Дэй выглядел также, когда узнал о смерти Джона. И сейчас, когда мы идем по подземному туннелю, подальше от Пиерры, я вижу ту же печаль в его глазах.
* * *
Мы тратим пятьдесят две минуты (или пятьдесят одну? Я не уверена, голова все еще слегка затуманена), пробираясь по сырому темному туннелю. Какое-то время мы слышим гневные крики, раздающиеся по другую сторону бетонных стен, отделяющих нас от Патриотов и солдат Республики. Но вскоре эти звуки исчезают в тишине, когда мы уходим все глубже в туннель. Скорей всего Патриотом пришлось бежать от наступающих войск. Возможно, сейчас солдаты пытаются раскопать завал, загородивший проход в туннель. Мы понятия не имеем, что происходит, поэтому просто продолжаем идти.
Теперь совсем тихо. Я слышу лишь звуки нашего неровного дыхания и отзвуки шагов по воде, и кап, кап, кап, капающая ледяная вода с потолка, попадающая прямо на открытые участки кожи. Дэй крепко держит меня за руку. У него холодные и влажные пальцы, но я все равно цепляюсь за них. Здесь так темно, что я едва ли могу разглядеть фигуру Дэя прямо перед собой.

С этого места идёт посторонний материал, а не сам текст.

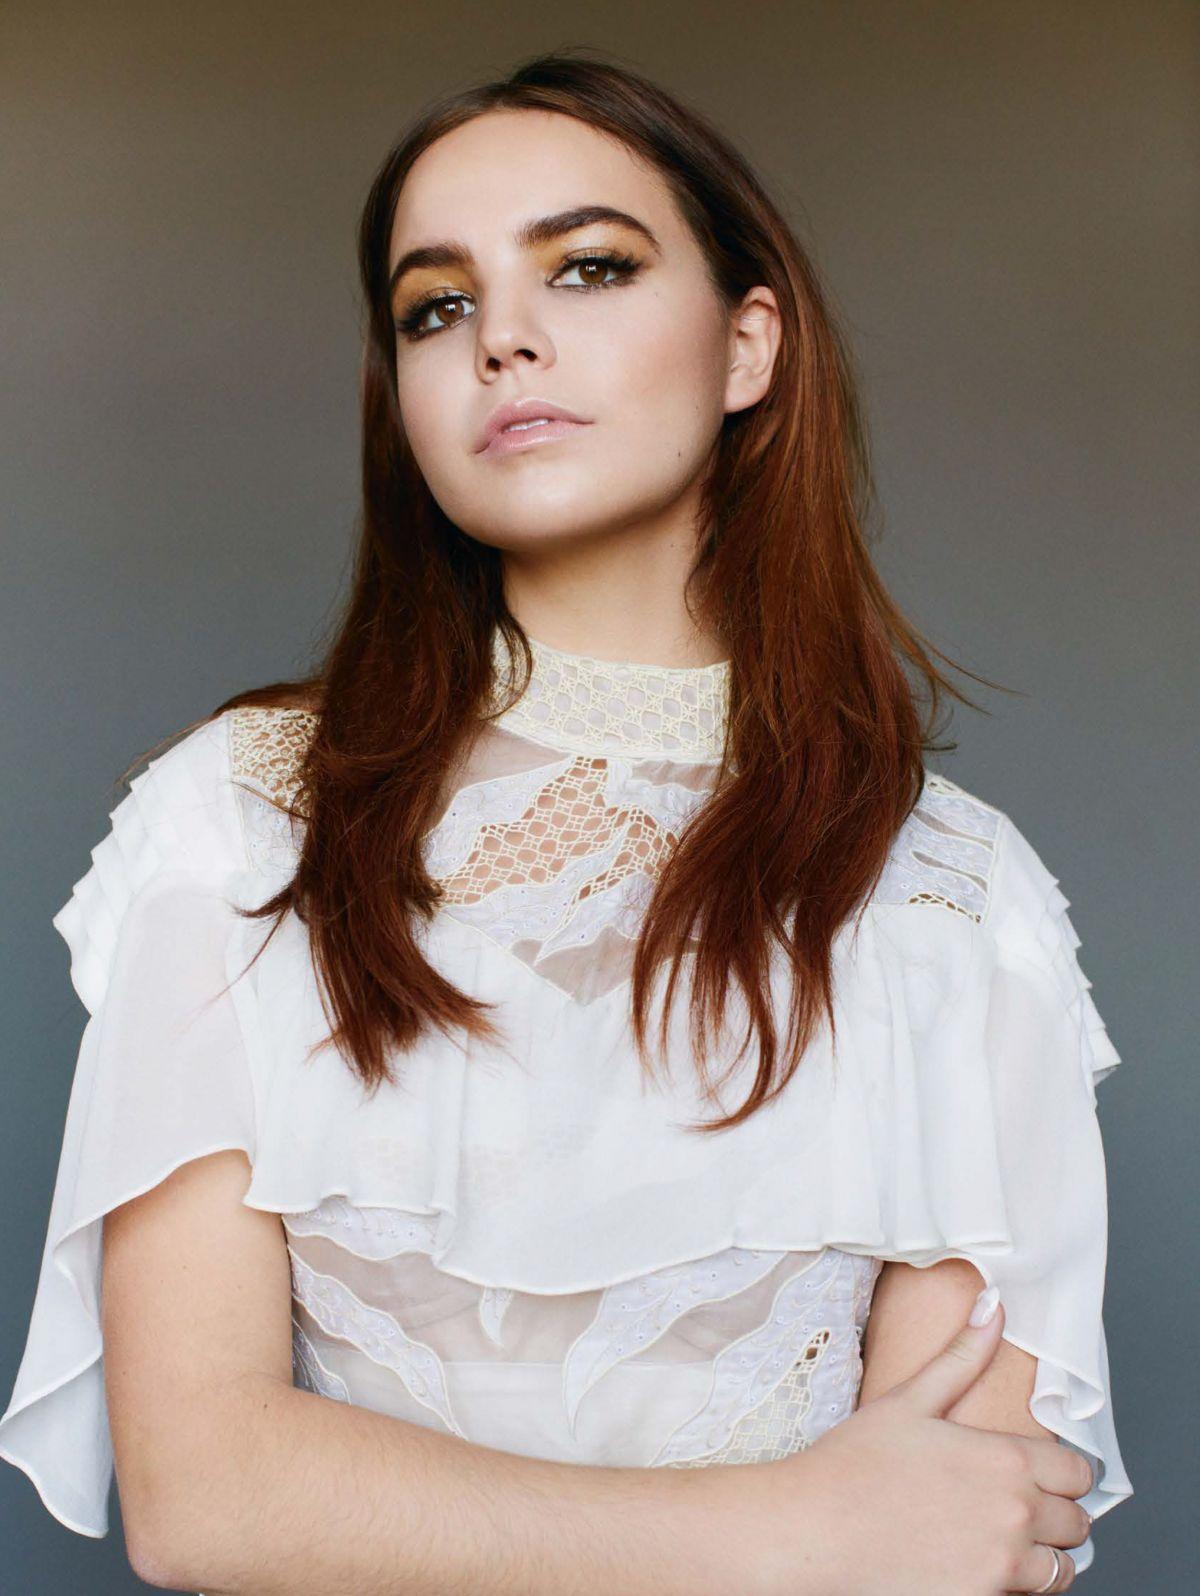 Bailee Madison image Bailee Madison HD wallpaper and background

Интересно, пережил ли Андэн нападение? Иди Патриотам все же удалось убить его? От этих мыслей кровь застывает в жилах. Последний раз, когда я изображала двойного агента, кто-то все же погиб. Андэн поверил в меня и из-за этого он мог погибнуть сегодня, возможно он действительно уже мертв. Цена, которую платят люди, оказавшиеся связаны со мной.
Эта мысль напоминает мне о другой. Почему Тесса не пошла с нами. Я хочу спросить его, но как ни странно, Дэй не сказал ни слова о ней, с тех пор, как мы оказались в туннеле. Я точно знаю, что они поссорились. Надеюсь с ней все в порядке. Неужели она решила остаться с Патриотами?

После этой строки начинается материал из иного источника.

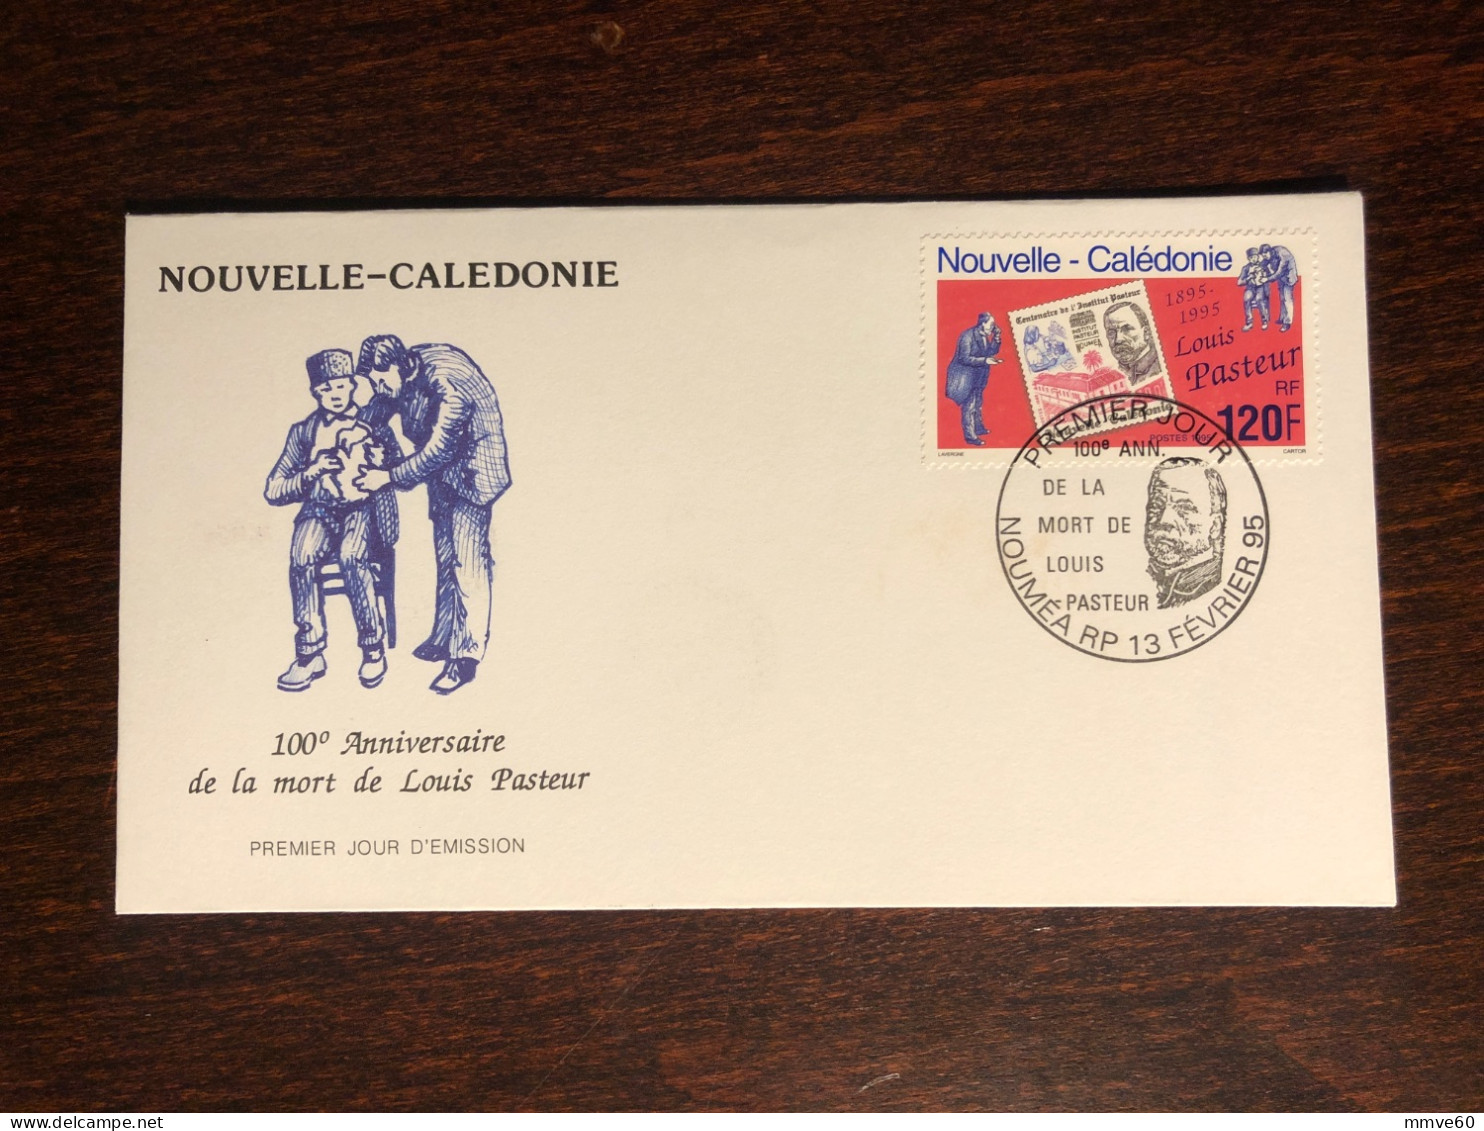 NEW CALEDONIA NOUVELLE CALEDONIE FDC COVER 1995 YEAR PASTEUR HEALTH MEDICINE - Lettres & Documents

Наконец Дэй останавливается перед стеной. Я облокачиваюсь о стену рядом с ним, и внезапная волна облегчения и паники накрывает меня. Я должна быть в состоянии двигаться дальше, но я слишком сильно устала. Это тупик? Возможно, что эта часть туннеля рухнула, и мы сами себя загнали в ловушку?
Дэй кладет обе руки на стену.
— Мы сможем передохнуть здесь, — шепчет он. Это первые слова, которые он произносит с тех пор, как мы оказались здесь. — Я бывал в одном из таких в Ламаре.
Рэйзор как-то упоминал, что у Патриотов есть отходные туннели. Дэй проводит рукой вдоль кромки двери, где она соприкасается со стеной. Наконец, он находит то, что ищет, крошечный рычаг, торчащий из небольшого двадцати дюймового отверстия. Он нажимает на него, и дверь сдвигается в сторону.
Такое чувство, что мы оказались в черной дыре. Хотя я ничего не вижу, но внимательно прислушиваюсь звуку наших шагов, эхом отдающемся в комнате, здесь низкий потолок, возможно, на несколько футов выше, чем сам туннель (десять, возможно одиннадцать футов).
— Вот он где, — бормочет Дэй. Я слышу, как он нажимает что-то и комнату заливает искусственный свет. — Будем надеяться, здесь никого нет.
Комната небольшая, но здесь легко смогли бы расположиться человек двадцать или тридцать, даже сто, если бы вплотную прижались друг к другу. У задней стены две двери, ведущие в темные коридоры. На каждой стене висят старые мониторы, собранные по давнишним технологиям, такими уже давно не пользуются в Республике. Интересно, их установили Патриоты или эта старая техника, оставшаяся со времен строительства туннеля.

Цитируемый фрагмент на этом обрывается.